> _EXERCISE DIRECTIONS_:
Exactly as they appear, please output the lines from the one with "Rare piece in very good condition." through the end of the material, without pictures.

> _DATA BELOW_:
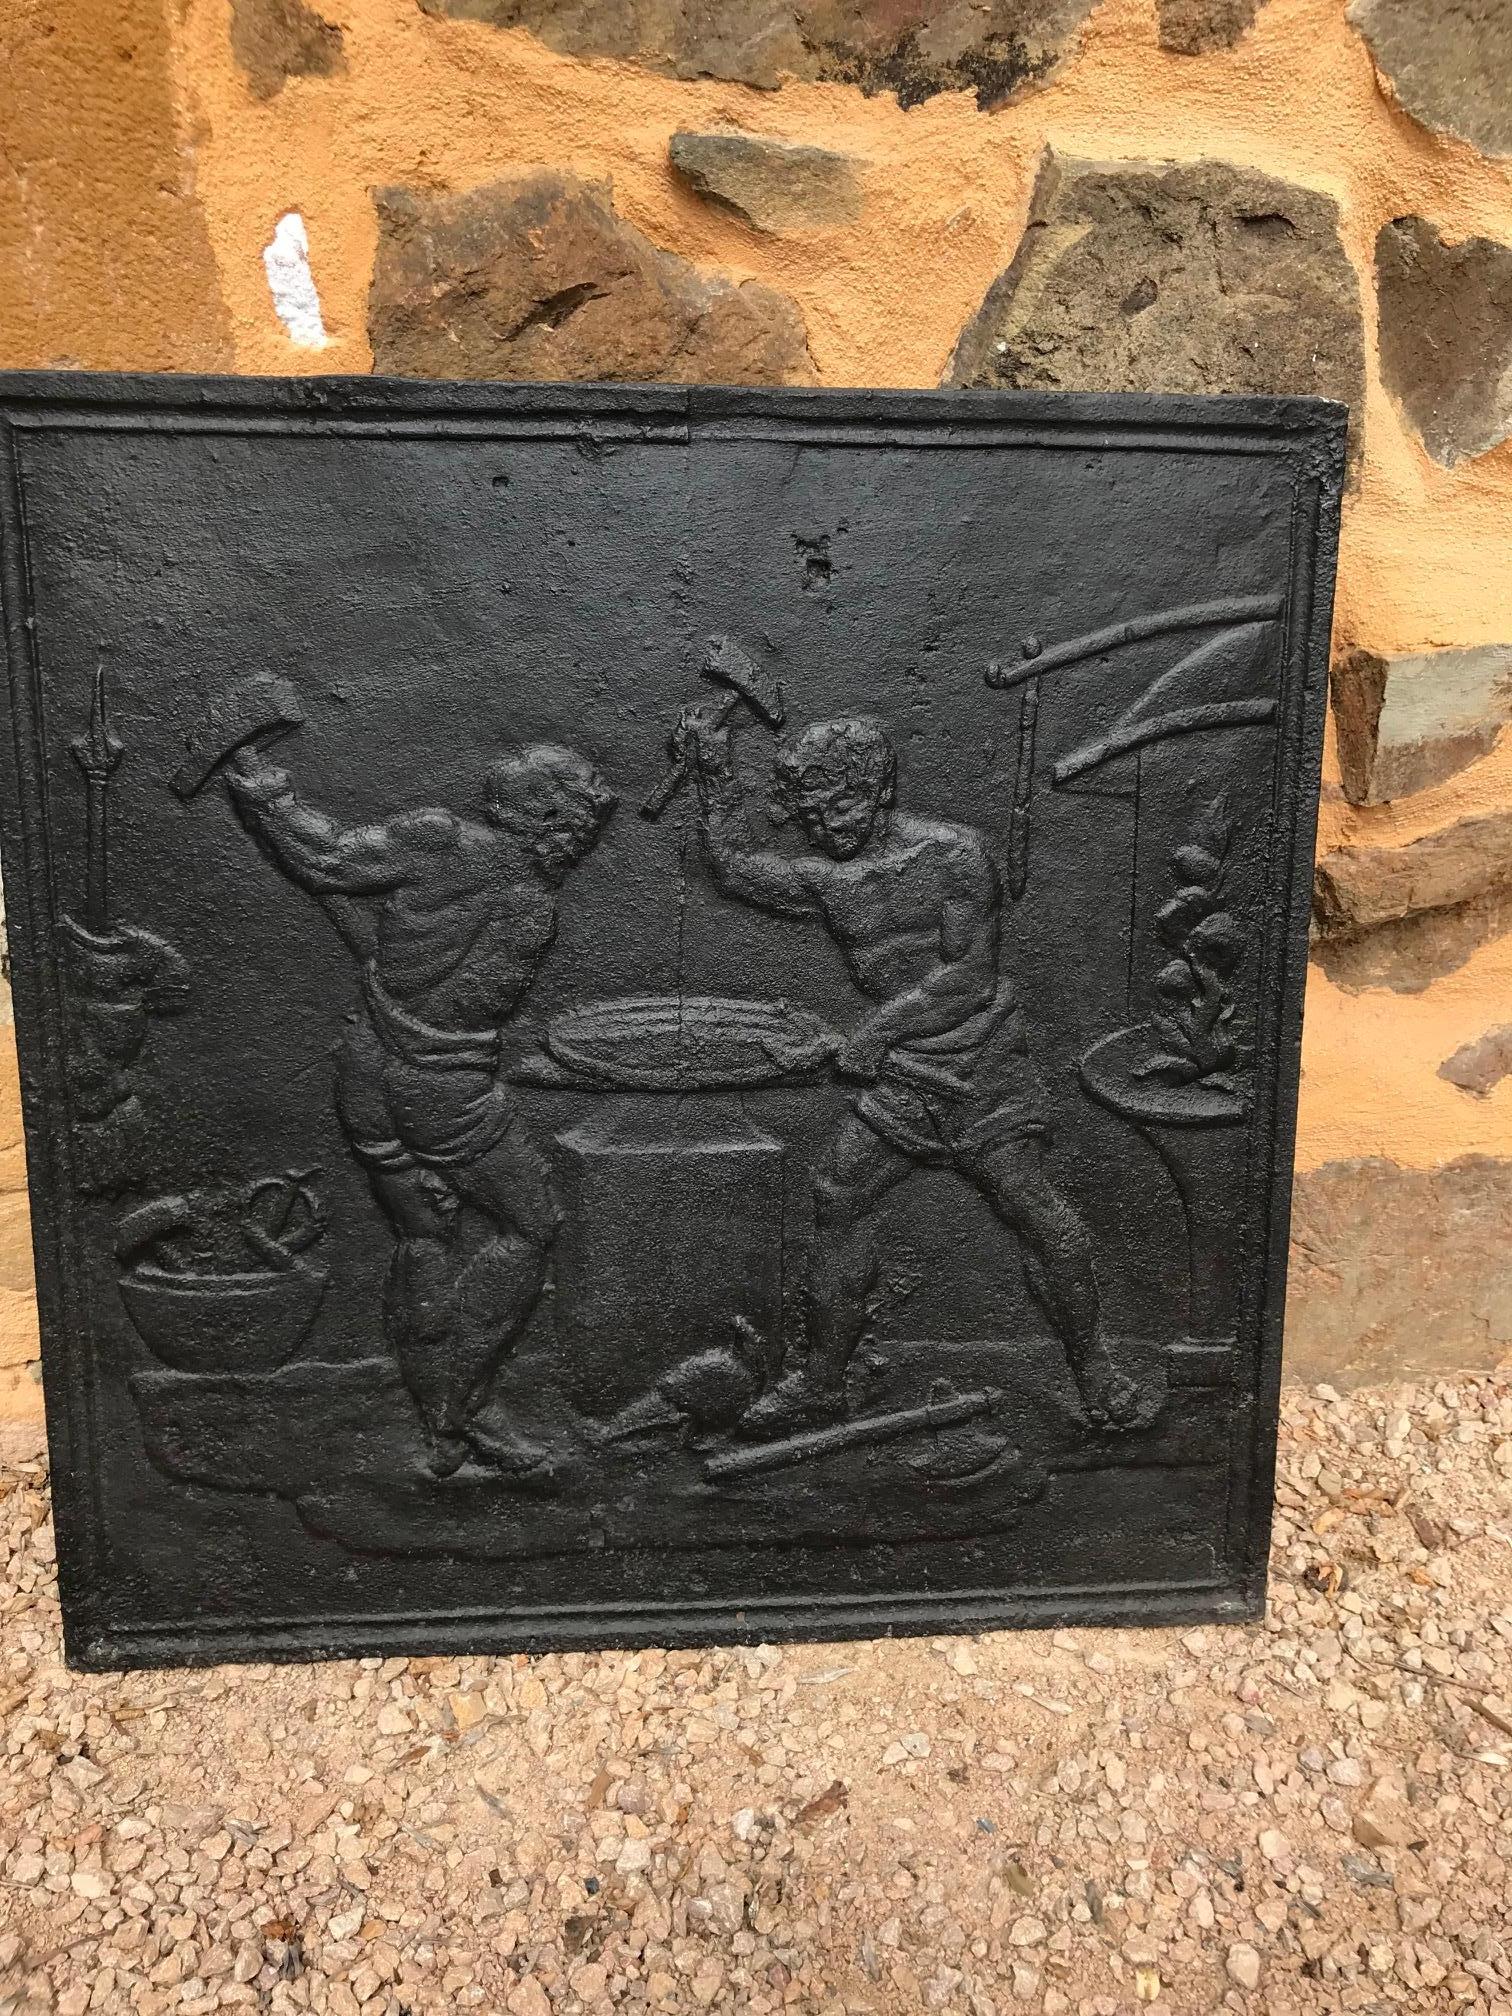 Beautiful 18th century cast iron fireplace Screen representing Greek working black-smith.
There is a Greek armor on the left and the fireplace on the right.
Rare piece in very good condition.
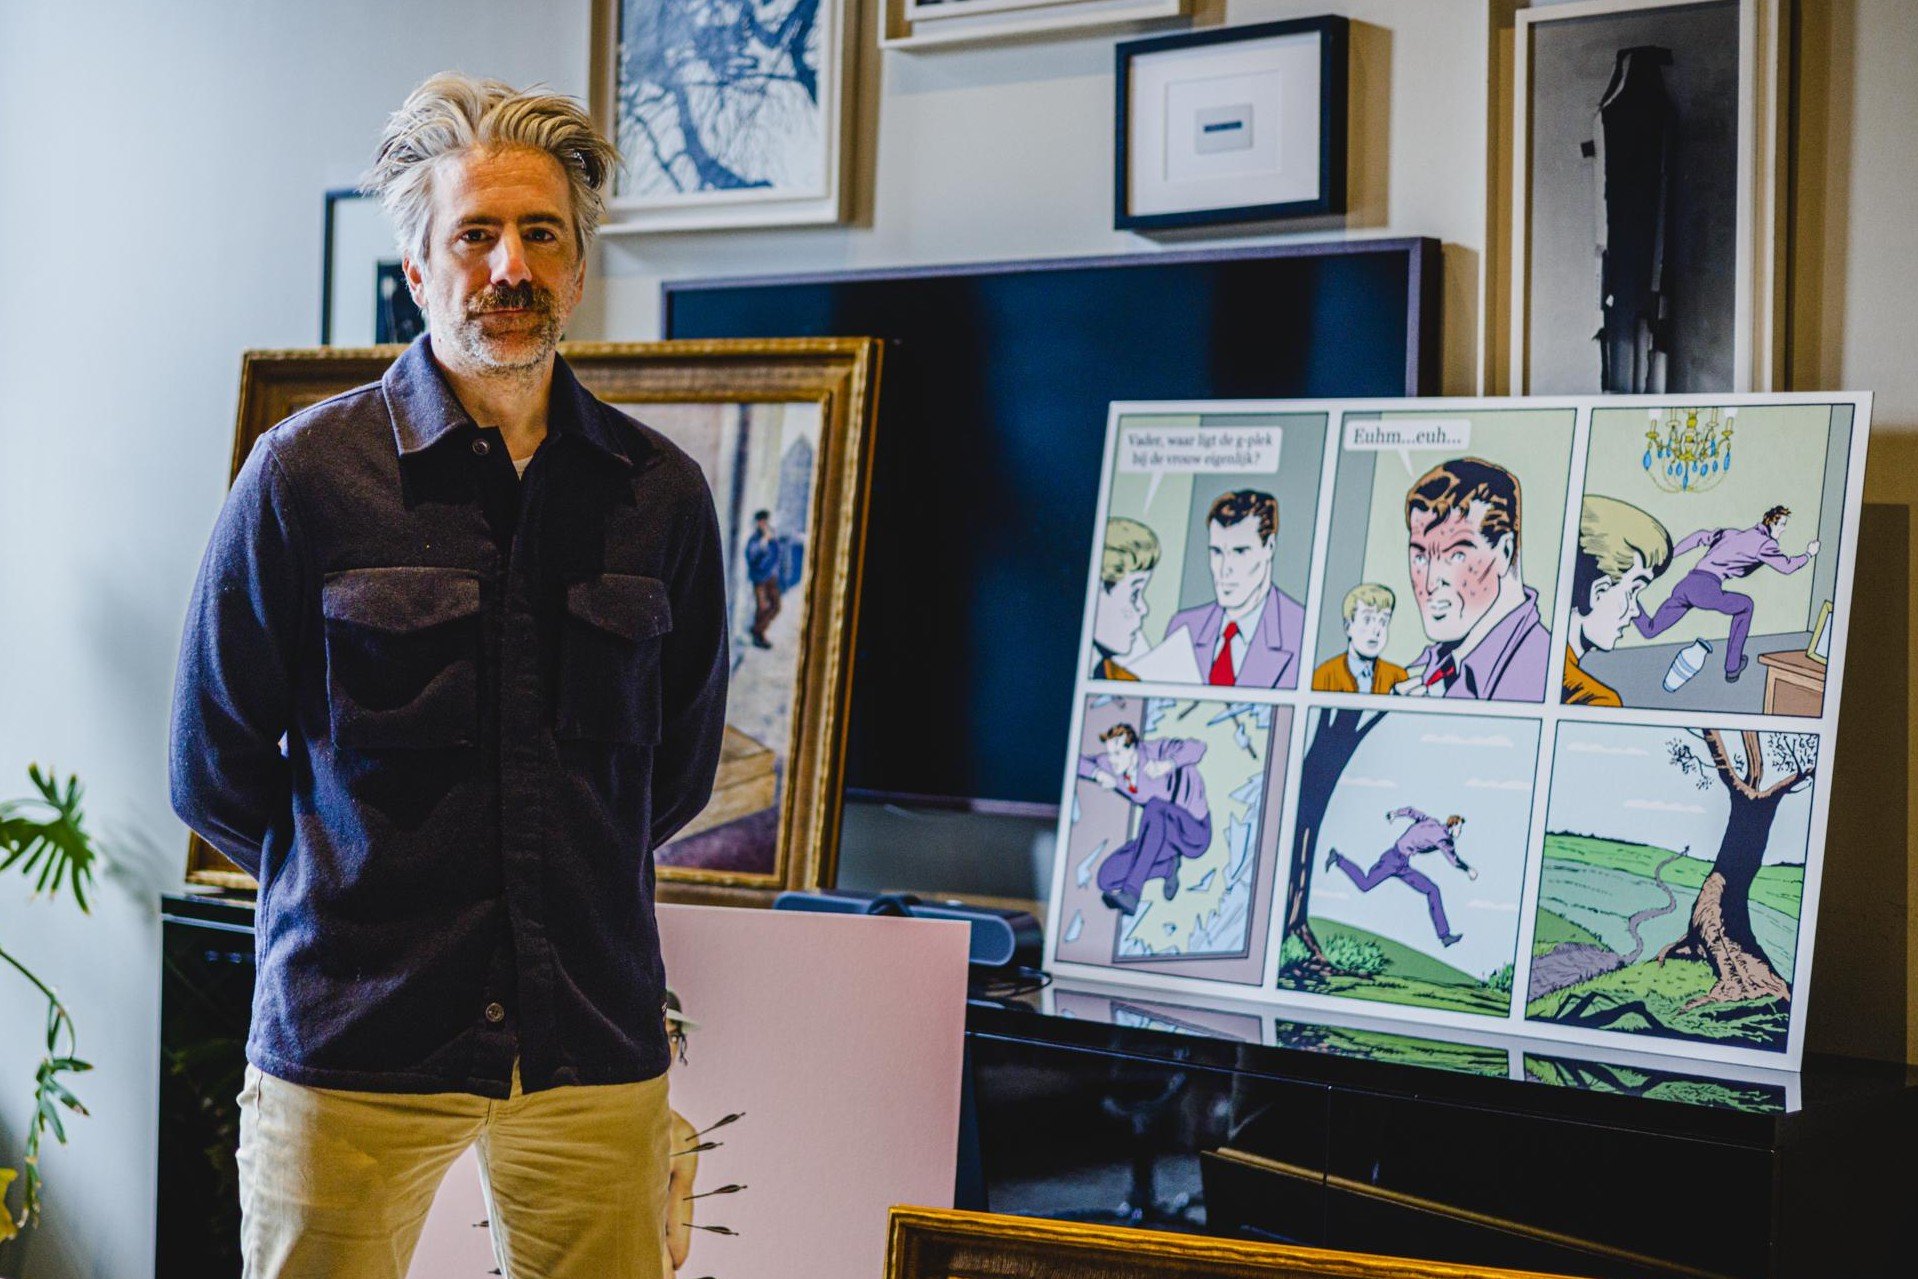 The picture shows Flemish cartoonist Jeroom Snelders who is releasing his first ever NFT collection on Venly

> _ANSWER BOX_:
Rare piece in very good condition.
 The picture shows Flemish cartoonist Jeroom Snelders who is releasing his first ever NFT collection on Venly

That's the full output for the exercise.